▶ YOUR OBJECTIVE
Which lines have the string "This"? Copy all of them from the entries below.

Data records:
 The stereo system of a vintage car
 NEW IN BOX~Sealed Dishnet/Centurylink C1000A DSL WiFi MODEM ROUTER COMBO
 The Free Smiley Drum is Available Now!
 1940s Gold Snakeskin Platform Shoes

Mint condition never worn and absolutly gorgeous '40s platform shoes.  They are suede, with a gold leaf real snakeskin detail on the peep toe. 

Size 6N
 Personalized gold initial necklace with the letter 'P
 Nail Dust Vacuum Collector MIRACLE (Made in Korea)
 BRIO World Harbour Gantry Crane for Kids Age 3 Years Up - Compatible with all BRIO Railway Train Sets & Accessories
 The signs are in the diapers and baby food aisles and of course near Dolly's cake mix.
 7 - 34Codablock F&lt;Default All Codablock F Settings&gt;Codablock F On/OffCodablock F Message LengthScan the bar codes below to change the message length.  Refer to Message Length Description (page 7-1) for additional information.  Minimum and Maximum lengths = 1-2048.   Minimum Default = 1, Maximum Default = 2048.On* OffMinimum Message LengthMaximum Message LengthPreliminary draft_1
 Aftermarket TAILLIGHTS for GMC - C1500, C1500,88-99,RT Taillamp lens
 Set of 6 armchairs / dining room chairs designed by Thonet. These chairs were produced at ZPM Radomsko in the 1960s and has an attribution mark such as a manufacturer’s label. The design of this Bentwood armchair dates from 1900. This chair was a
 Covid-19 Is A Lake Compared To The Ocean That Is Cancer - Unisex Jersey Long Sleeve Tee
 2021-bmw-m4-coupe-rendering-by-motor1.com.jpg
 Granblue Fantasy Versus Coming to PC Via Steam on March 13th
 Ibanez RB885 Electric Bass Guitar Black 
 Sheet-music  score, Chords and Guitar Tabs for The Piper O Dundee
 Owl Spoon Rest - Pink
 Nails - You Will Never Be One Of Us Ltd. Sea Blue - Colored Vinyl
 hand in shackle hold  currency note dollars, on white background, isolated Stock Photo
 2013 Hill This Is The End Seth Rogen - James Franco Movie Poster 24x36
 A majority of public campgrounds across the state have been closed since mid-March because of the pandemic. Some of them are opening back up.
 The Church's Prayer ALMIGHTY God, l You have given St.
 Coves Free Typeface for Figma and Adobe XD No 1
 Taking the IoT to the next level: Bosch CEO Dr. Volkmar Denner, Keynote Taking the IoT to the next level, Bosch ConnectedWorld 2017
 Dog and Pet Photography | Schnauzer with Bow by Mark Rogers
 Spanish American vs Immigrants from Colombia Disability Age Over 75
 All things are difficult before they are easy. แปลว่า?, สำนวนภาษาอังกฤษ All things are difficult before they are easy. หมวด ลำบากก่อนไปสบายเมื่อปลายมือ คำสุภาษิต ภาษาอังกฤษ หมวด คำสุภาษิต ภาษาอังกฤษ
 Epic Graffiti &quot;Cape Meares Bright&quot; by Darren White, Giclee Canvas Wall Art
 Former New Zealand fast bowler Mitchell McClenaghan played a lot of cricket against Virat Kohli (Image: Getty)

▶ RESPONSE AREA
 Set of 6 armchairs / dining room chairs designed by Thonet. These chairs were produced at ZPM Radomsko in the 1960s and has an attribution mark such as a manufacturer’s label. The design of this Bentwood armchair dates from 1900. This chair was a
 2013 Hill This Is The End Seth Rogen - James Franco Movie Poster 24x36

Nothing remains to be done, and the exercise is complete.